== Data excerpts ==

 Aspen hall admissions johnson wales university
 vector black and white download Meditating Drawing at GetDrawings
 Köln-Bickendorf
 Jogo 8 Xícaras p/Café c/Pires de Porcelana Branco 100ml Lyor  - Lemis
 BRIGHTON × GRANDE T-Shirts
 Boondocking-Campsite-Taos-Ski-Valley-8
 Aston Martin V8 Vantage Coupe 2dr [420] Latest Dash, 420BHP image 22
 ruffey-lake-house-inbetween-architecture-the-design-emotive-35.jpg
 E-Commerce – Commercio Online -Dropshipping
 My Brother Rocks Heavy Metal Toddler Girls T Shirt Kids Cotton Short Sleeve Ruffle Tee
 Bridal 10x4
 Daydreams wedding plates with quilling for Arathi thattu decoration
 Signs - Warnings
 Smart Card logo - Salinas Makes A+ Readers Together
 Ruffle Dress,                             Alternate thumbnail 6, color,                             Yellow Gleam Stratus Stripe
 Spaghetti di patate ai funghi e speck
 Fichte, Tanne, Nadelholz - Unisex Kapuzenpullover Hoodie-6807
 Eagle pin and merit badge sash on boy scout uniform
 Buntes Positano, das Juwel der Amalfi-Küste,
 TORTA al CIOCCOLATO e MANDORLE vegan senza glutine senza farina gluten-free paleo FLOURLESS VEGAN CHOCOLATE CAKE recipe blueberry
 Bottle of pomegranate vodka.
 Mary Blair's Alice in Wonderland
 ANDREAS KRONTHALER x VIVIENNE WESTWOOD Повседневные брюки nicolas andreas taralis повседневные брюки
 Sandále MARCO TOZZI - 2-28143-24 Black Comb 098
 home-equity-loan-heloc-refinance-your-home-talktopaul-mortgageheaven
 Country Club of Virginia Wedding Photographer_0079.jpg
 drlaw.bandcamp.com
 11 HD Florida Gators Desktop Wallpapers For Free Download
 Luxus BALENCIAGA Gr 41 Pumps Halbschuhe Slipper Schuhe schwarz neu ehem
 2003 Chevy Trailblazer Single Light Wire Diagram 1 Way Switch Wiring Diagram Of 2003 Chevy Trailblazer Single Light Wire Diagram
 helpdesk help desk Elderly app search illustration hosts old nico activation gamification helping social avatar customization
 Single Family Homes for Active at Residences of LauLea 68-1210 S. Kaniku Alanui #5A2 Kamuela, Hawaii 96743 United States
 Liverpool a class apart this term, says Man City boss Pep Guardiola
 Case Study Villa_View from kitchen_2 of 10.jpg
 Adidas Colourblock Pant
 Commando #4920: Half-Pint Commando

== EXERCISE DESCRIPTION ==
Output the records once more, exactly as they stand.

== ANSWER BELOW ==
 Aspen hall admissions johnson wales university
 vector black and white download Meditating Drawing at GetDrawings
 Köln-Bickendorf
 Jogo 8 Xícaras p/Café c/Pires de Porcelana Branco 100ml Lyor  - Lemis
 BRIGHTON × GRANDE T-Shirts
 Boondocking-Campsite-Taos-Ski-Valley-8
 Aston Martin V8 Vantage Coupe 2dr [420] Latest Dash, 420BHP image 22
 ruffey-lake-house-inbetween-architecture-the-design-emotive-35.jpg
 E-Commerce – Commercio Online -Dropshipping
 My Brother Rocks Heavy Metal Toddler Girls T Shirt Kids Cotton Short Sleeve Ruffle Tee
 Bridal 10x4
 Daydreams wedding plates with quilling for Arathi thattu decoration
 Signs - Warnings
 Smart Card logo - Salinas Makes A+ Readers Together
 Ruffle Dress,                             Alternate thumbnail 6, color,                             Yellow Gleam Stratus Stripe
 Spaghetti di patate ai funghi e speck
 Fichte, Tanne, Nadelholz - Unisex Kapuzenpullover Hoodie-6807
 Eagle pin and merit badge sash on boy scout uniform
 Buntes Positano, das Juwel der Amalfi-Küste,
 TORTA al CIOCCOLATO e MANDORLE vegan senza glutine senza farina gluten-free paleo FLOURLESS VEGAN CHOCOLATE CAKE recipe blueberry
 Bottle of pomegranate vodka.
 Mary Blair's Alice in Wonderland
 ANDREAS KRONTHALER x VIVIENNE WESTWOOD Повседневные брюки nicolas andreas taralis повседневные брюки
 Sandále MARCO TOZZI - 2-28143-24 Black Comb 098
 home-equity-loan-heloc-refinance-your-home-talktopaul-mortgageheaven
 Country Club of Virginia Wedding Photographer_0079.jpg
 drlaw.bandcamp.com
 11 HD Florida Gators Desktop Wallpapers For Free Download
 Luxus BALENCIAGA Gr 41 Pumps Halbschuhe Slipper Schuhe schwarz neu ehem
 2003 Chevy Trailblazer Single Light Wire Diagram 1 Way Switch Wiring Diagram Of 2003 Chevy Trailblazer Single Light Wire Diagram
 helpdesk help desk Elderly app search illustration hosts old nico activation gamification helping social avatar customization
 Single Family Homes for Active at Residences of LauLea 68-1210 S. Kaniku Alanui #5A2 Kamuela, Hawaii 96743 United States
 Liverpool a class apart this term, says Man City boss Pep Guardiola
 Case Study Villa_View from kitchen_2 of 10.jpg
 Adidas Colourblock Pant
 Commando #4920: Half-Pint Commando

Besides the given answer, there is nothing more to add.